* [PROBLEM DESCRIPTION] Entries follow. Give back exactly the lines starting at the one containing "EDZARD Windlicht Sammy, Kerzenglas-Set" and ending at the one containing "Cazzu posó embarazada", and no other lines.

* [SUPPLIED RECORDS]
□ □ □ □ □ □ □

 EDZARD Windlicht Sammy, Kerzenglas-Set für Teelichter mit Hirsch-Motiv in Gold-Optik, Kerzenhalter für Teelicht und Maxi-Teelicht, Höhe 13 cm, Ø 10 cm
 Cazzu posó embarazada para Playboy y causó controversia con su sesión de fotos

□ □ □ □ □ □ □

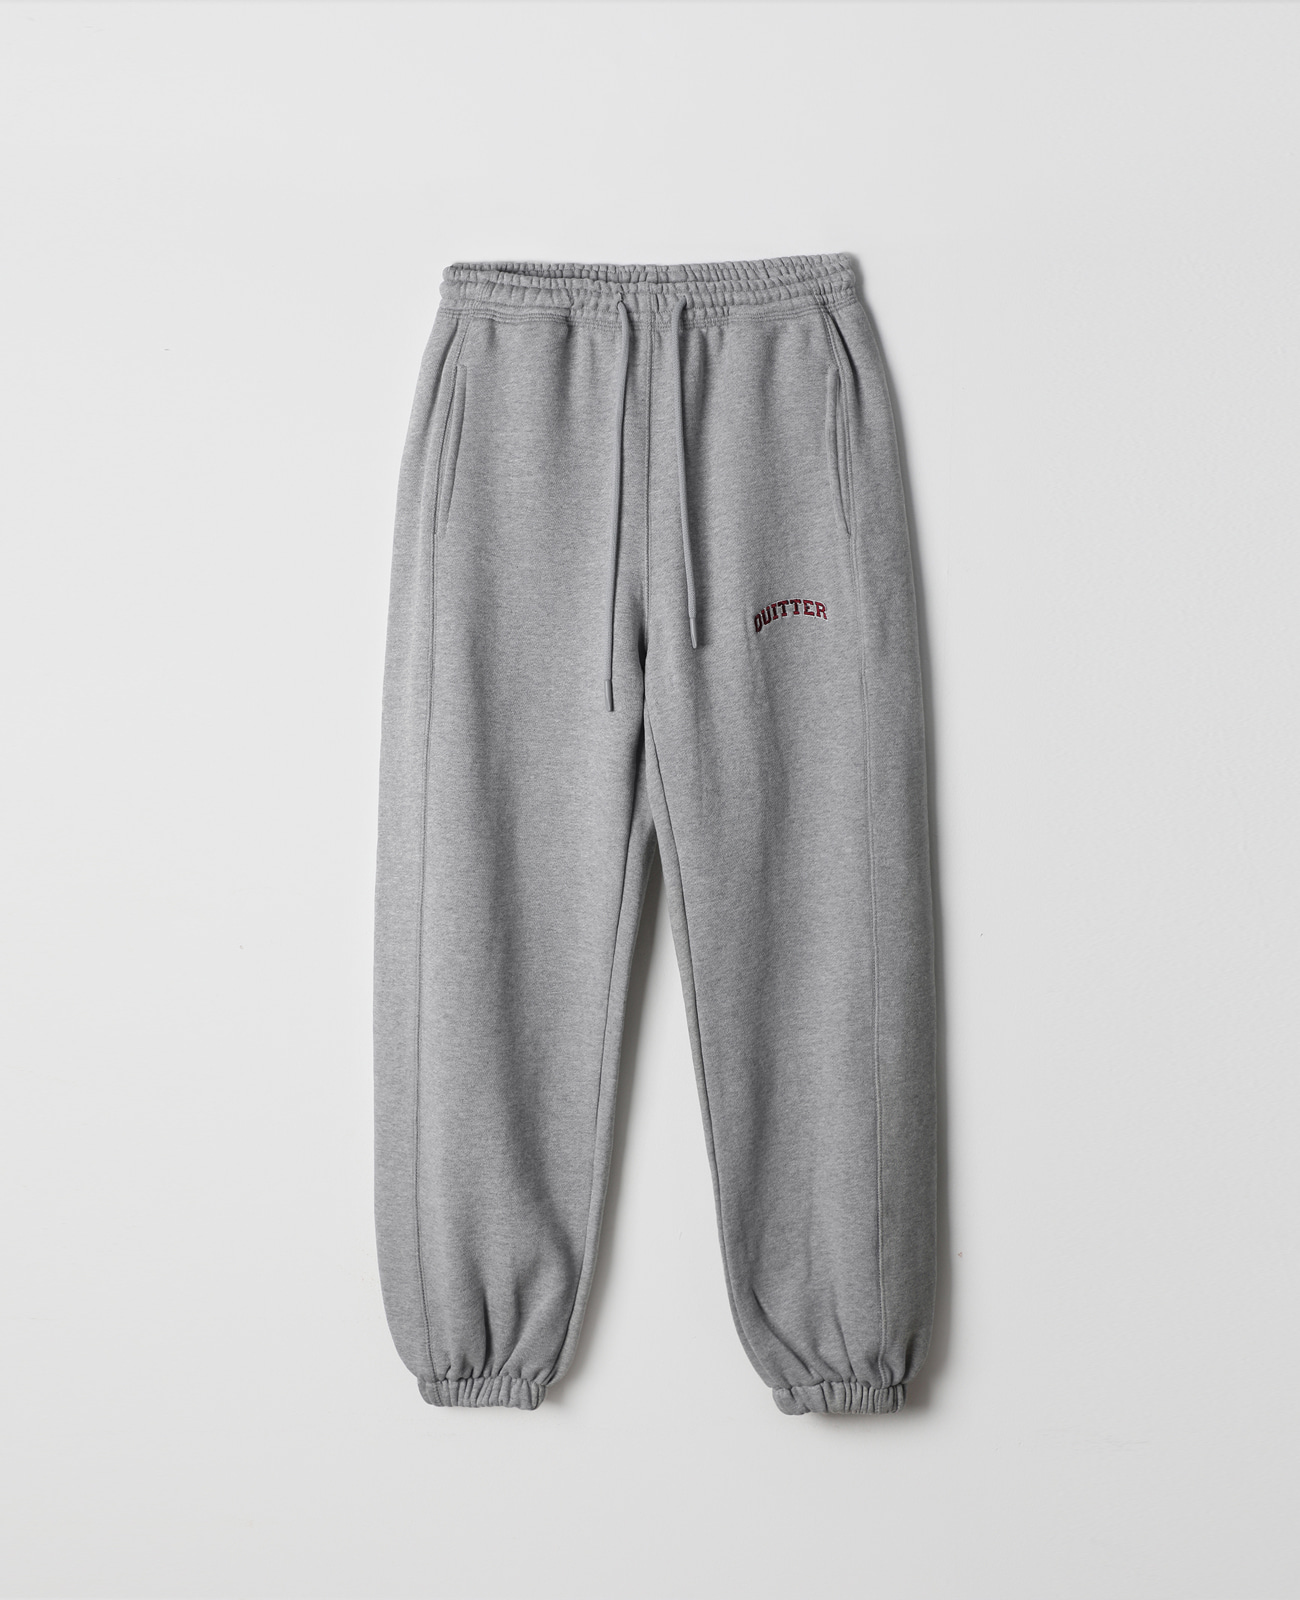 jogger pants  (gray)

□ □ □ □ □ □ □

* [REPLY TO THE EXERCISE]
 EDZARD Windlicht Sammy, Kerzenglas-Set für Teelichter mit Hirsch-Motiv in Gold-Optik, Kerzenhalter für Teelicht und Maxi-Teelicht, Höhe 13 cm, Ø 10 cm
 Cazzu posó embarazada para Playboy y causó controversia con su sesión de fotos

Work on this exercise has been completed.